*Data to process*:

_ _ _

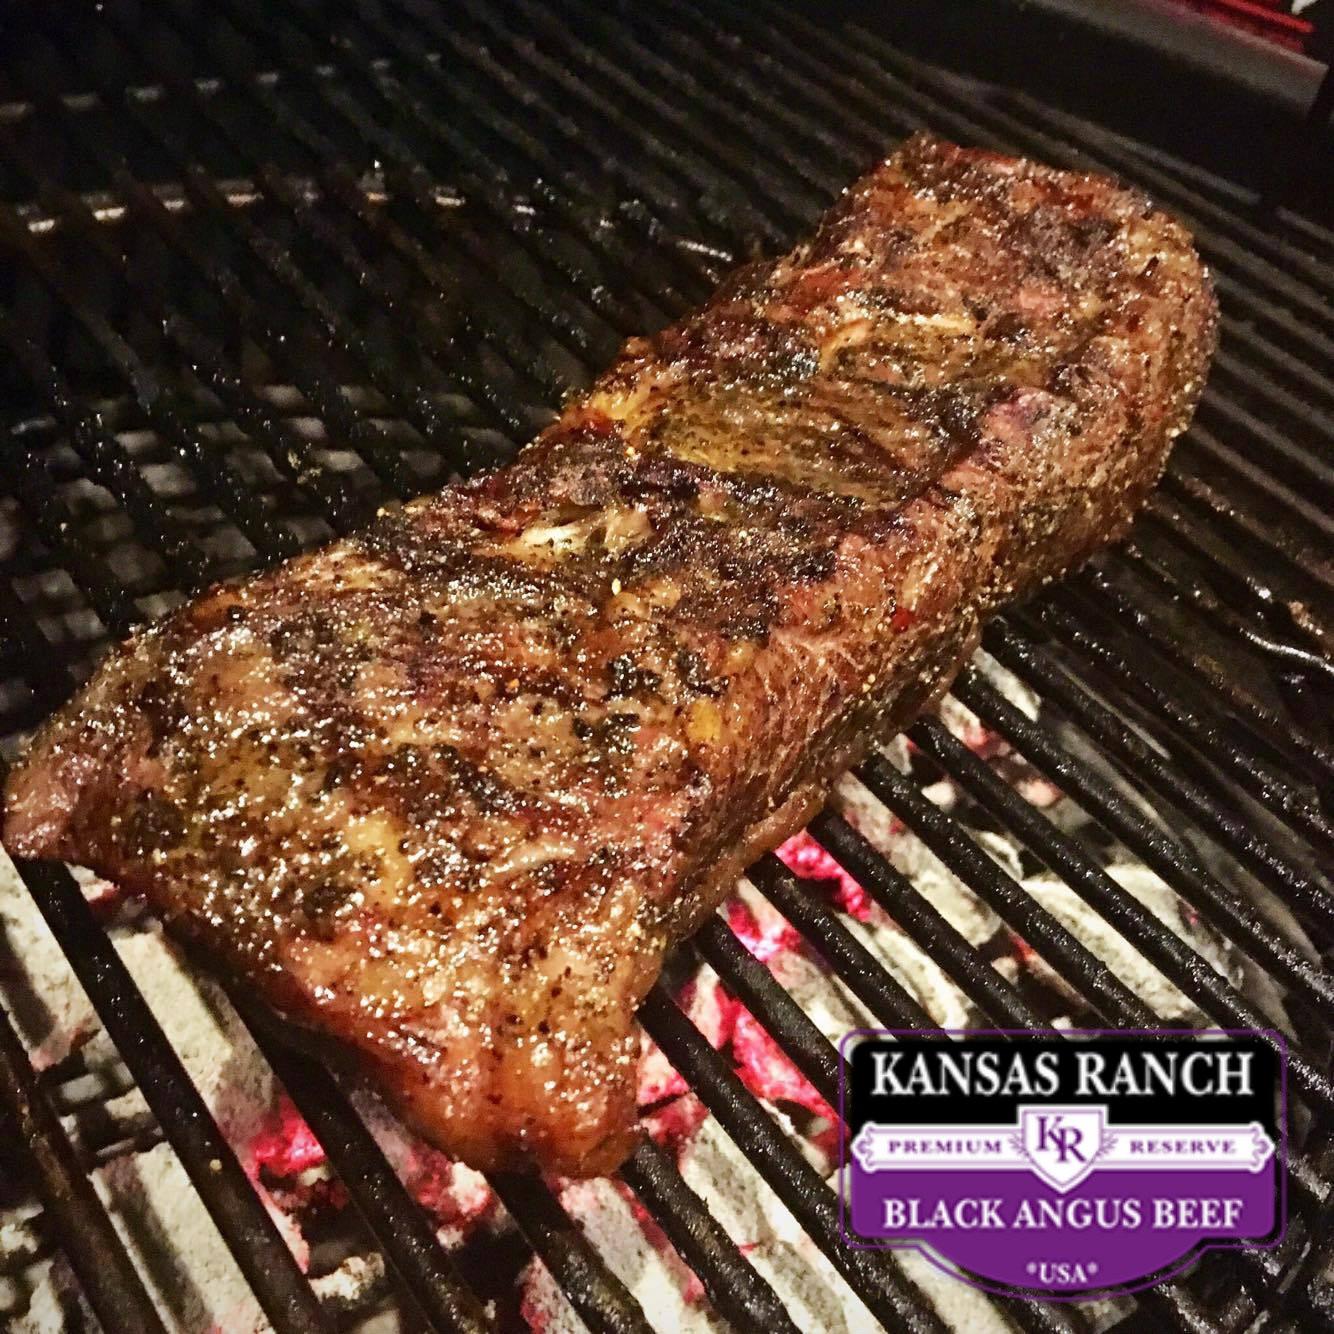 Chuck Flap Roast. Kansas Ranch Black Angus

_ _ _

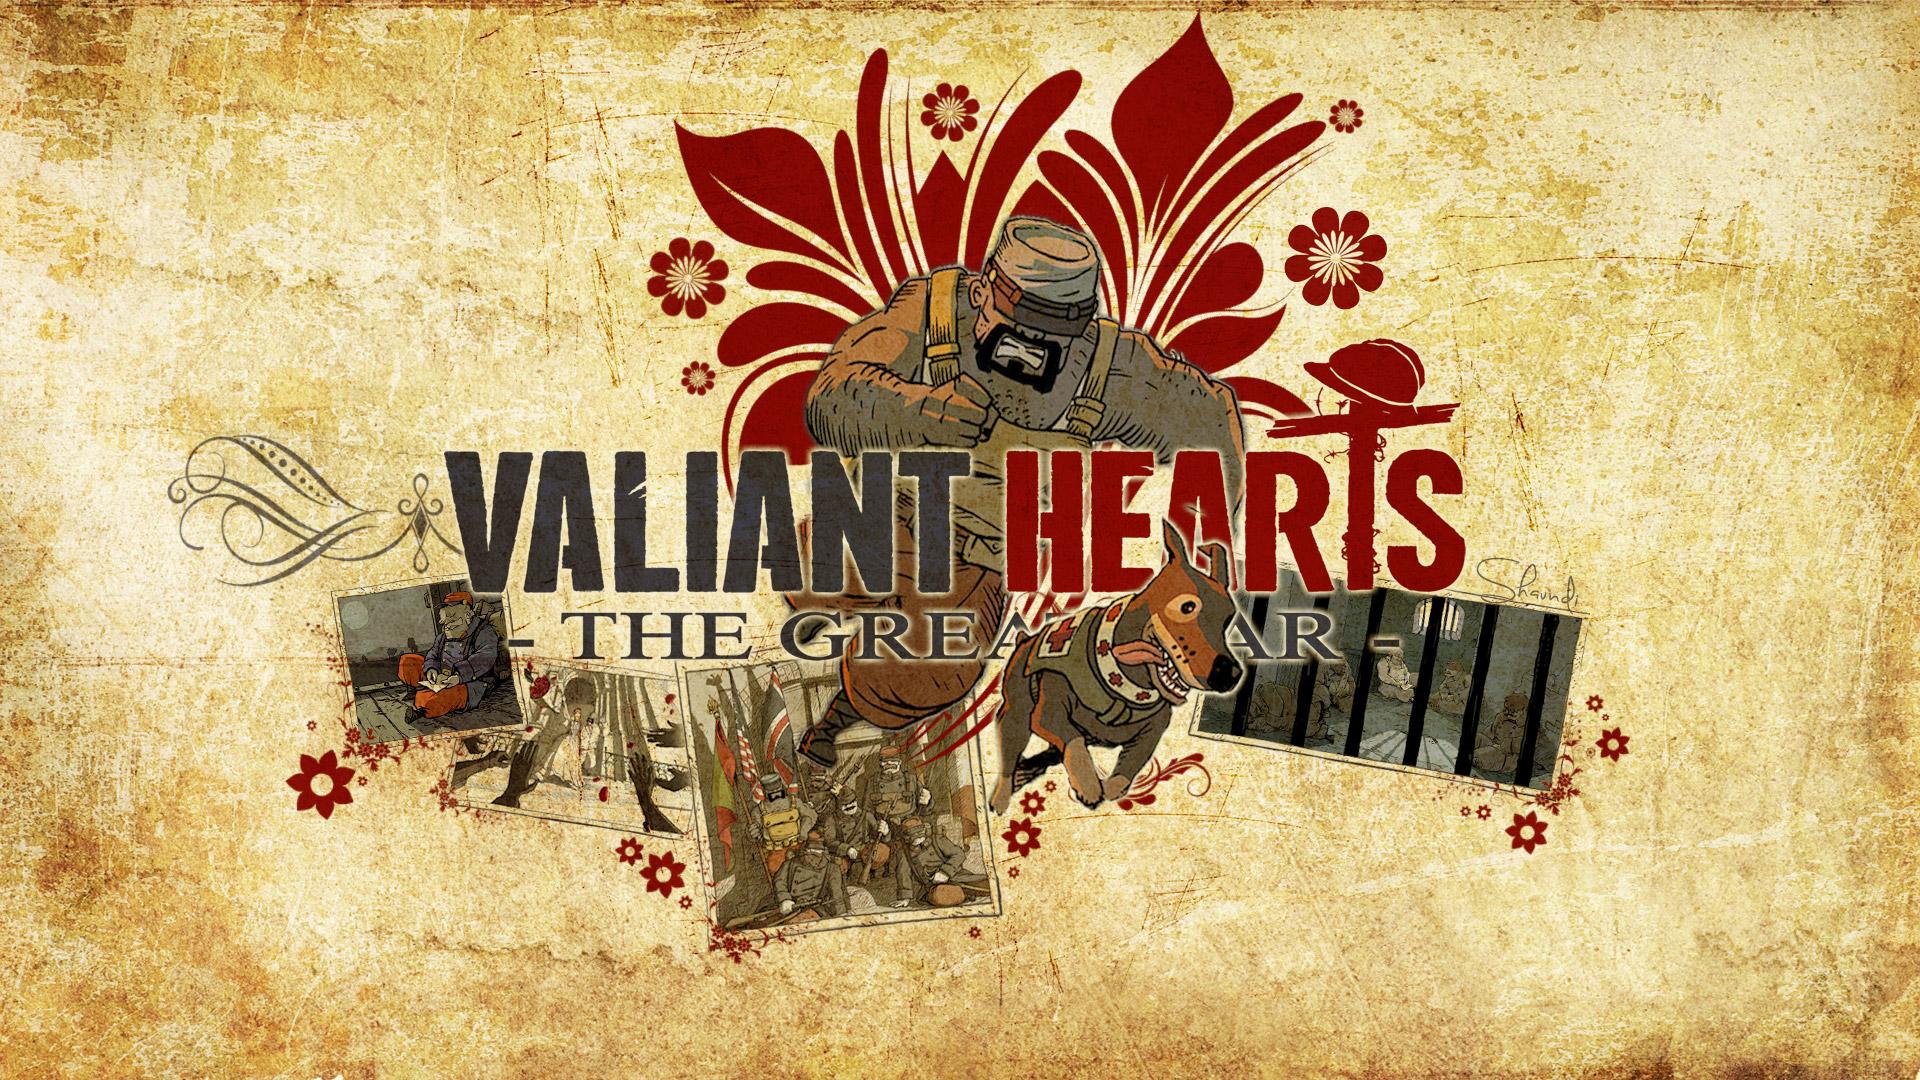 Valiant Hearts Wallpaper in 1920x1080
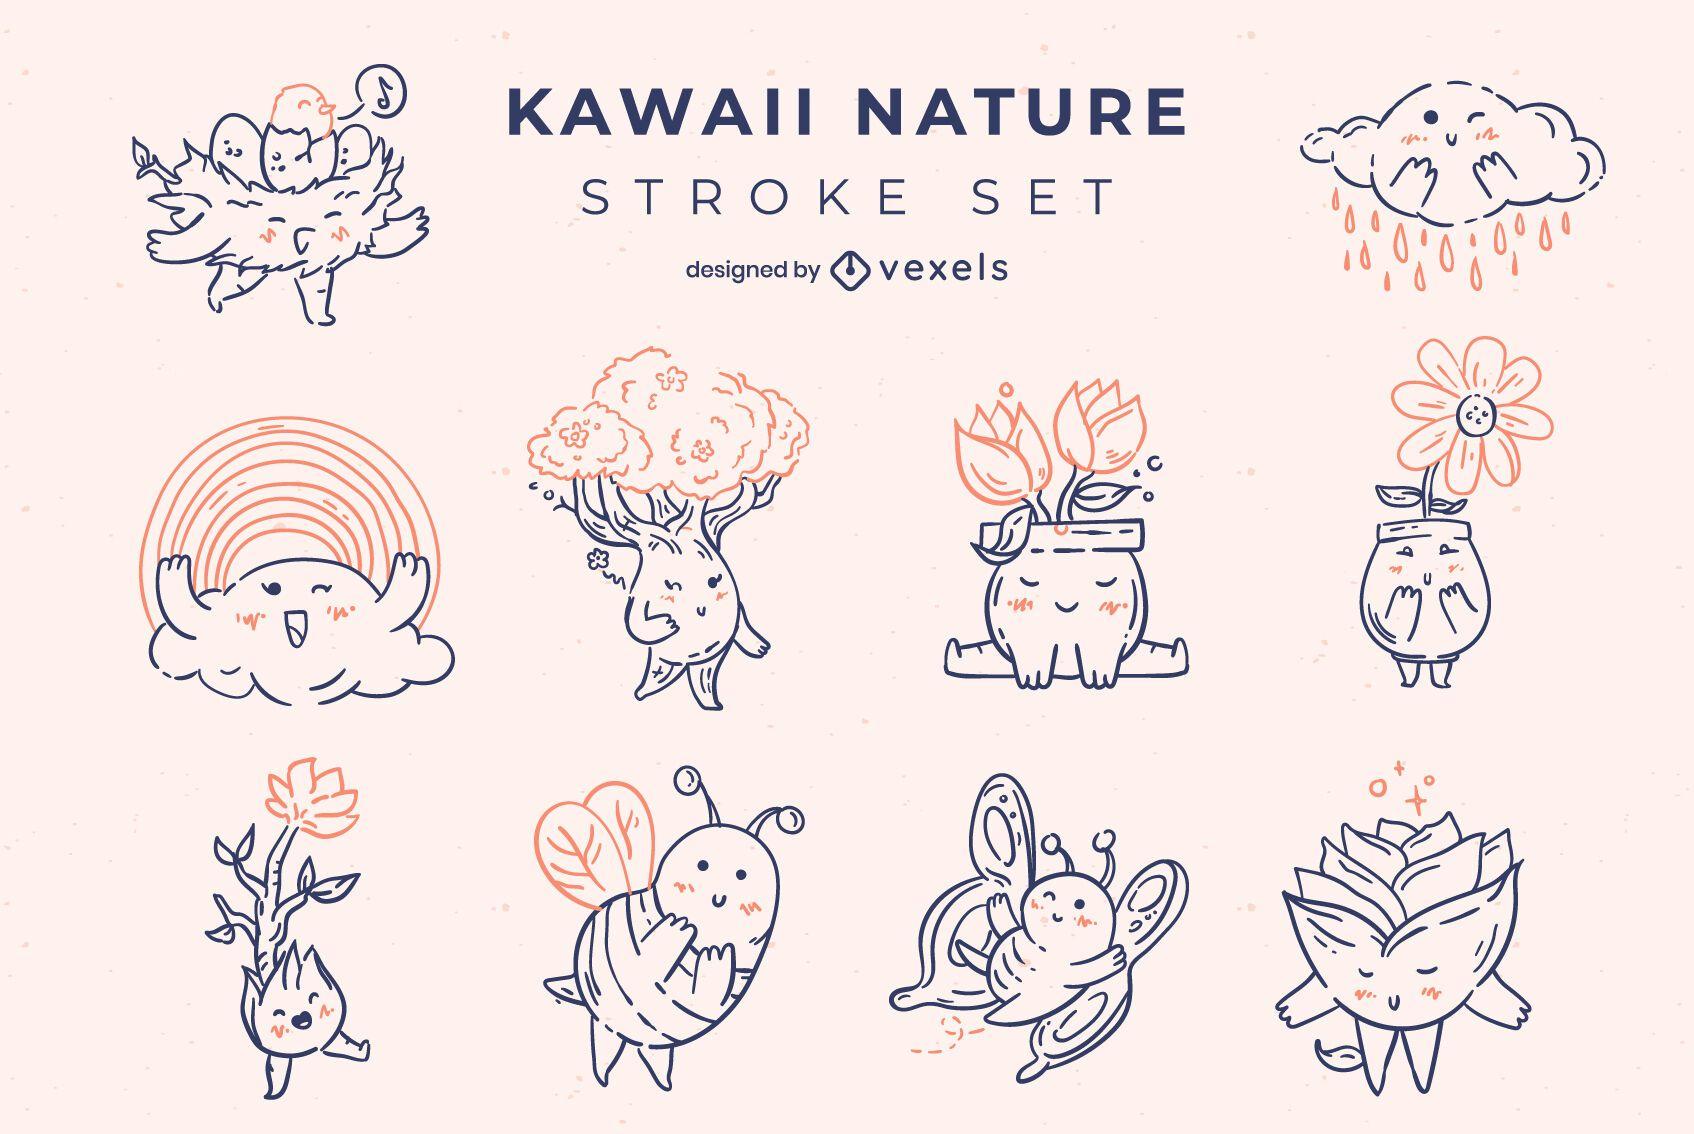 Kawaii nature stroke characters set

_ _ _

*Exercise*: Would you copy out, exactly and with no pictures, only the lines above from the one that contains "Valiant Hearts Wallpaper in 1920x1080" through the one that contains "Kawaii nature stroke characters set"?

*Output below*:
 Valiant Hearts Wallpaper in 1920x1080
 Kawaii nature stroke characters set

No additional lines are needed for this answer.